What you will do> The copy must hold exactly the lines from the one with "La piscine paysag" through the end of the listing below, and nothing else, with no pictures.

START Source data

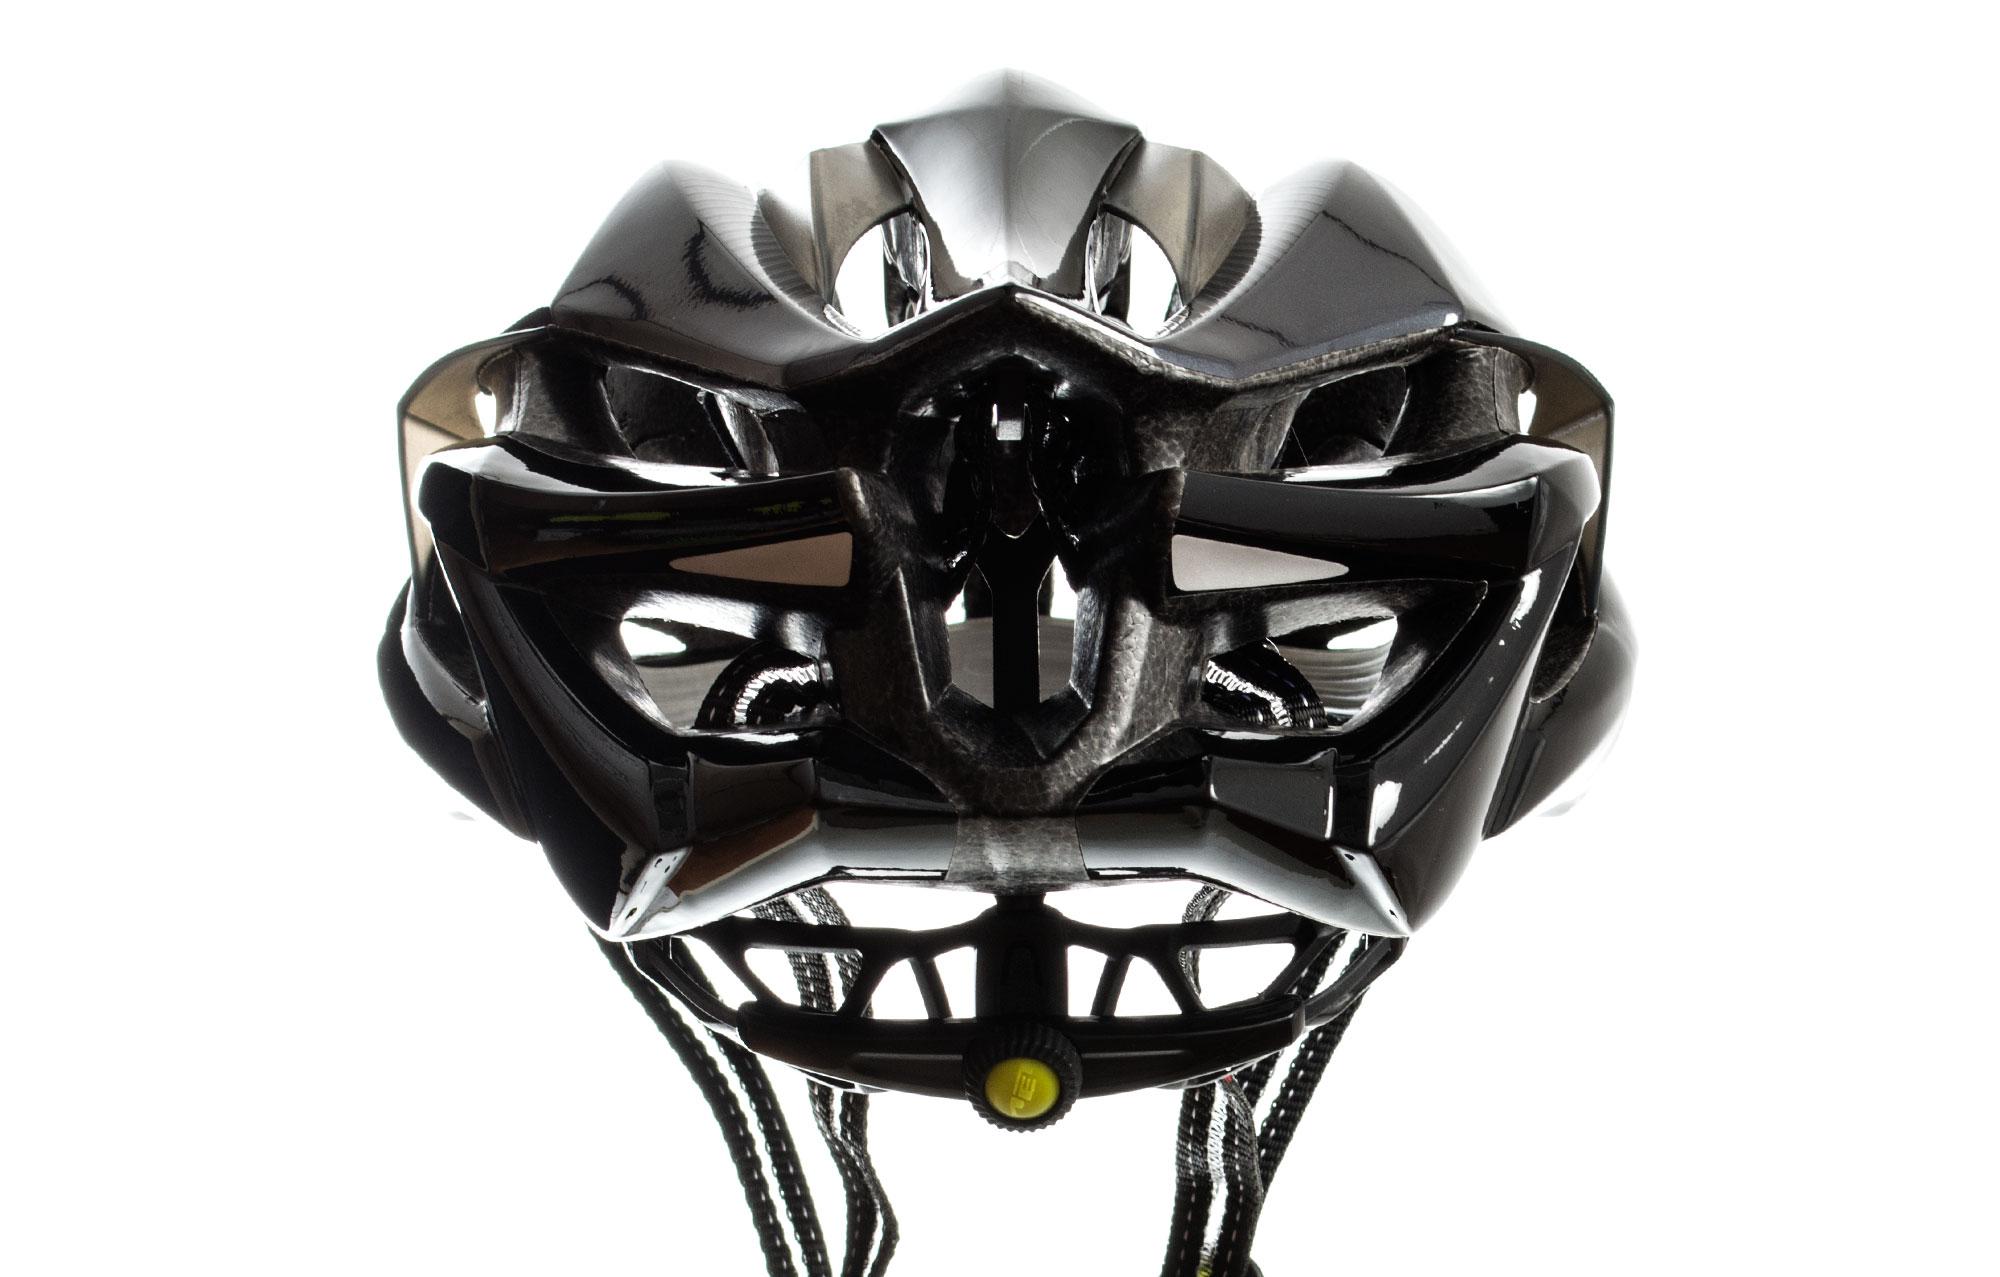 met sine thesis reviews Met's sine thesis bike helmet has innovative features and great ventilation, says  220 reviewer mike anderson.
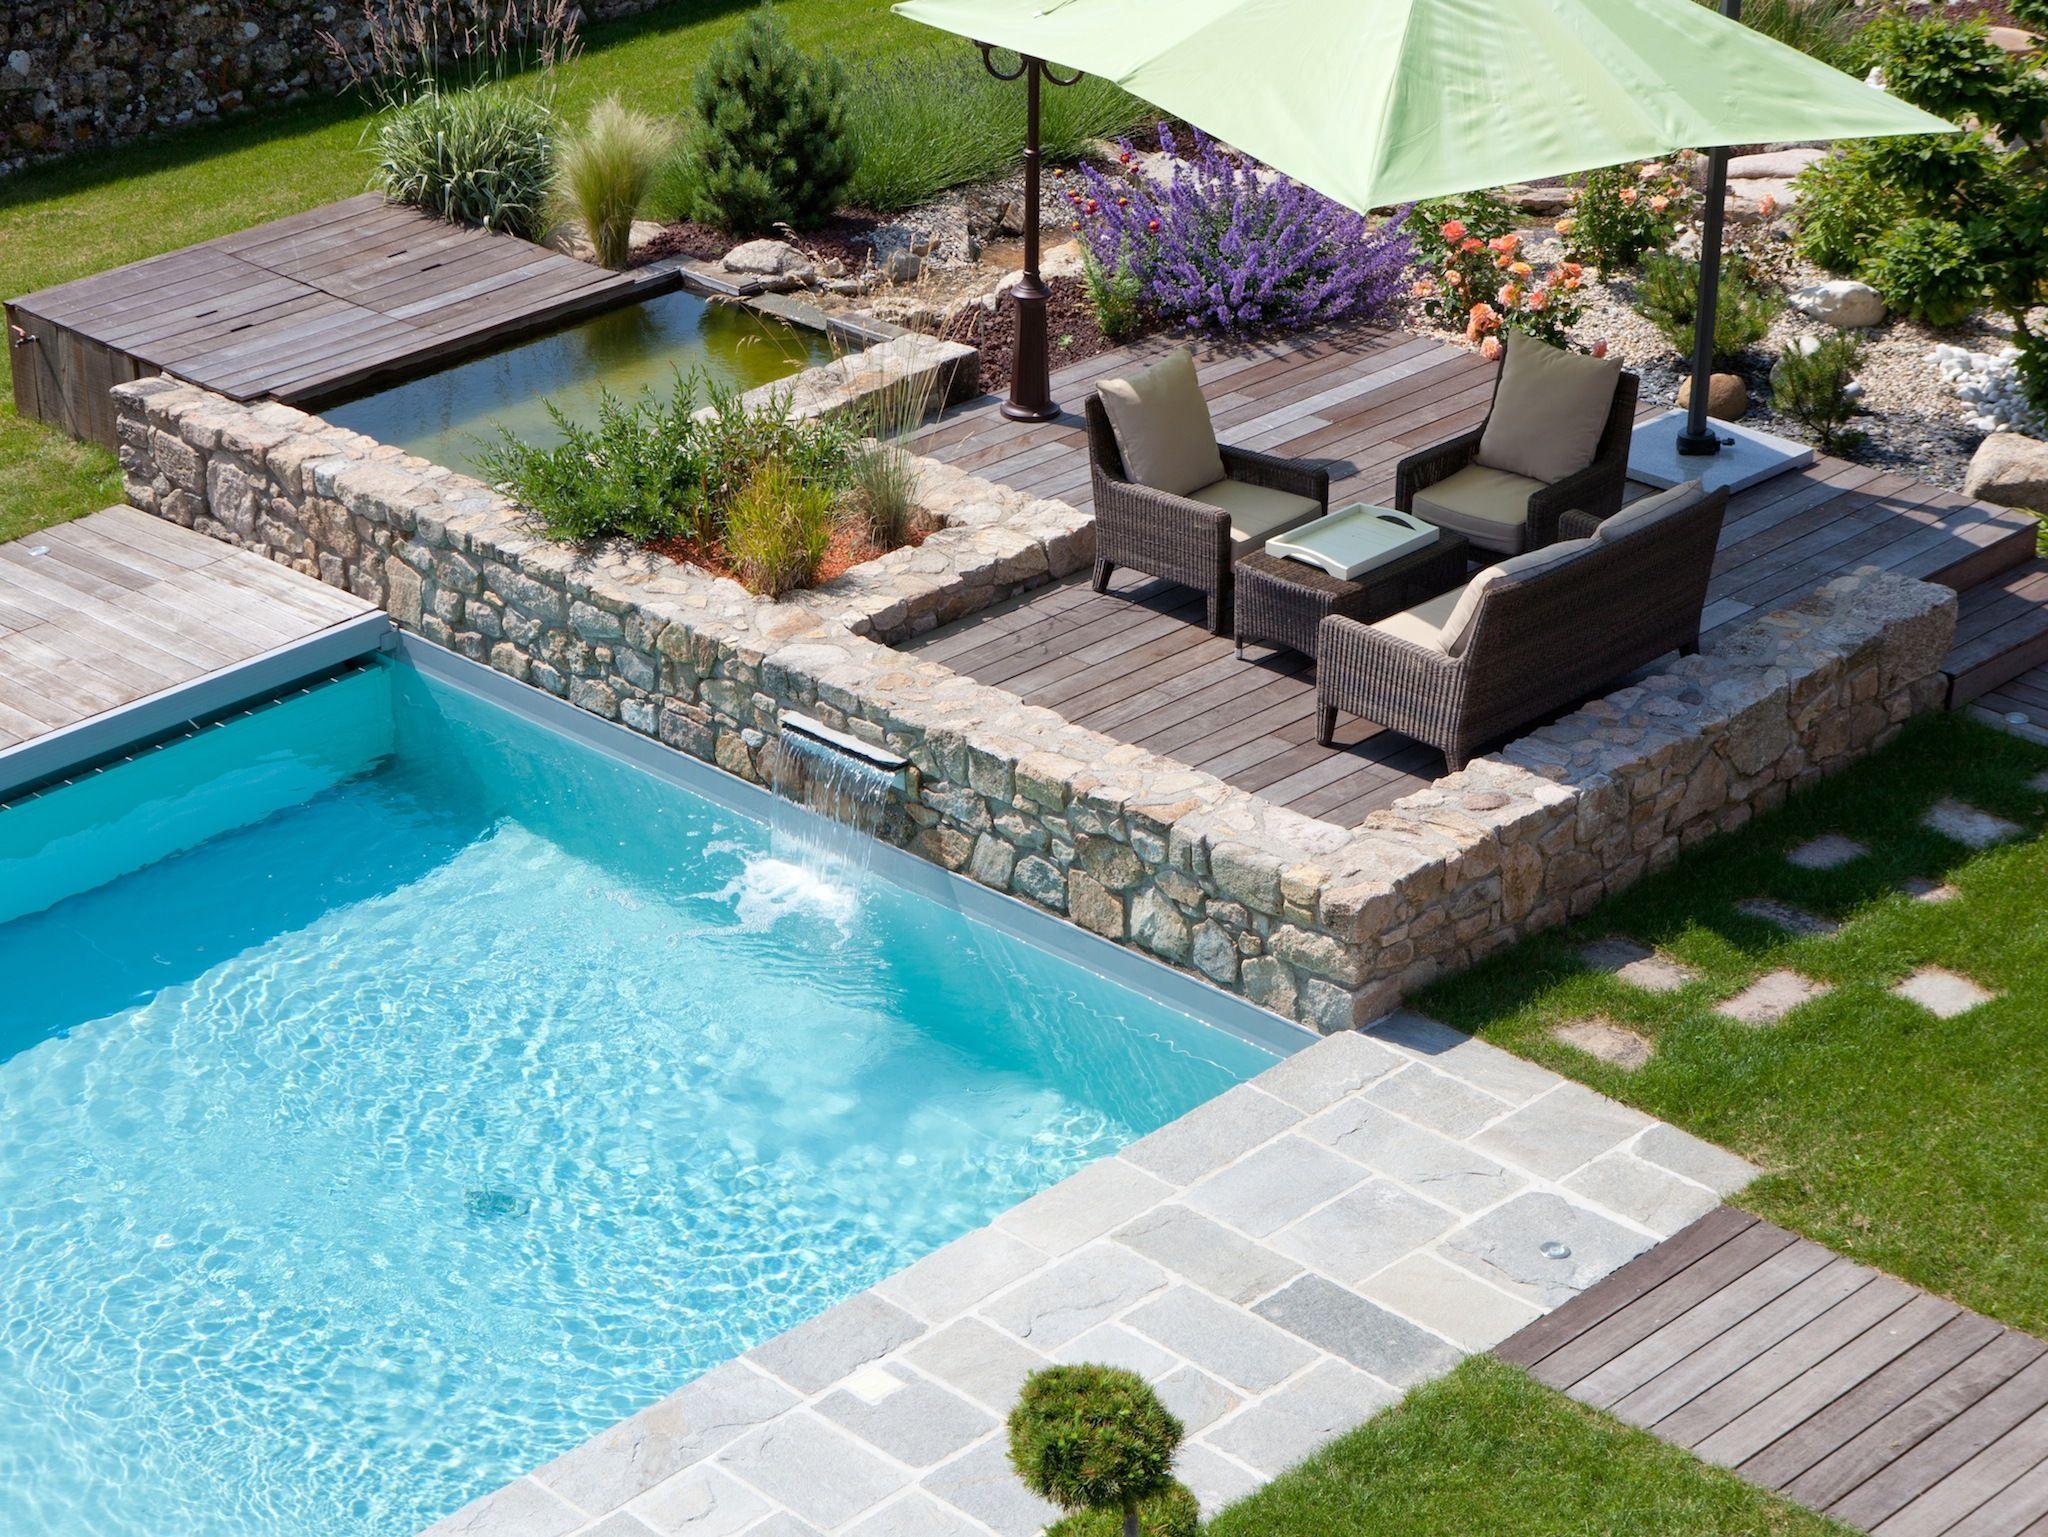 La piscine paysag e par l 39 esprit piscine piscine 6 x 5 m for Coque piscine carree 5x5
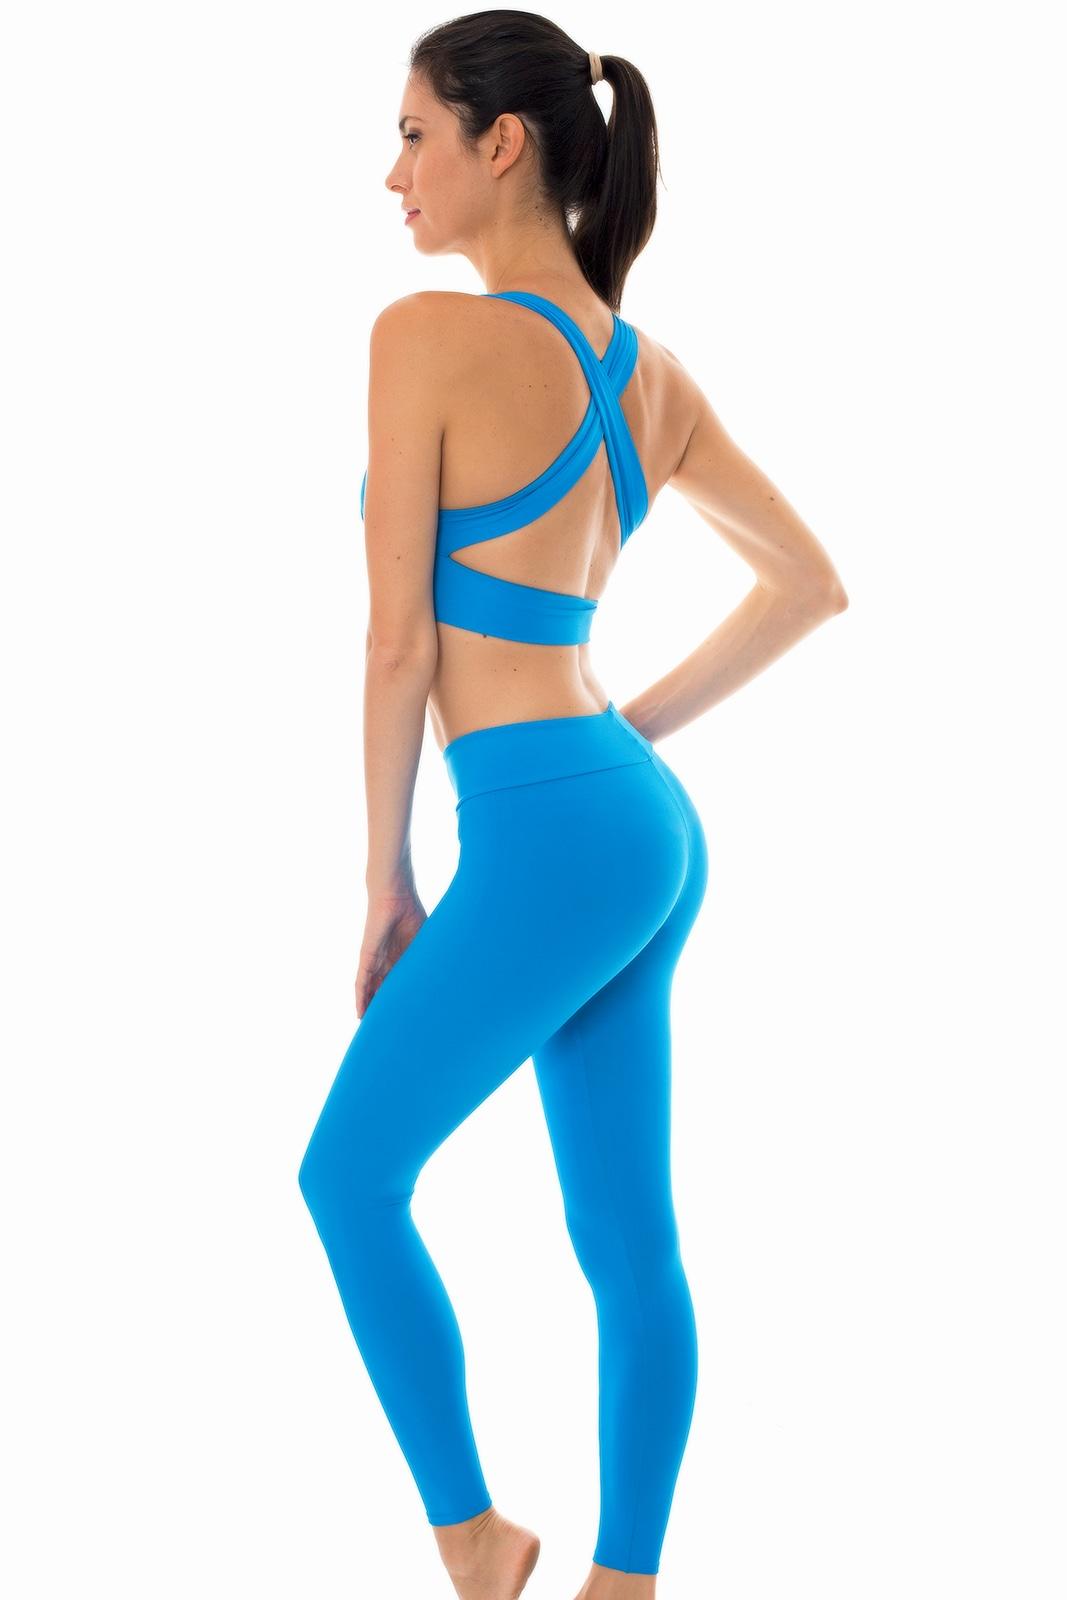 0bb40d1cf0bda Blue sports Bra And Workout Leggings Set - Nz Resort Fitness - Rio ...

END Source data

Exercise answer>
 La piscine paysag e par l 39 esprit piscine piscine 6 x 5 m for Coque piscine carree 5x5
 0bb40d1cf0bda Blue sports Bra And Workout Leggings Set - Nz Resort Fitness - Rio ...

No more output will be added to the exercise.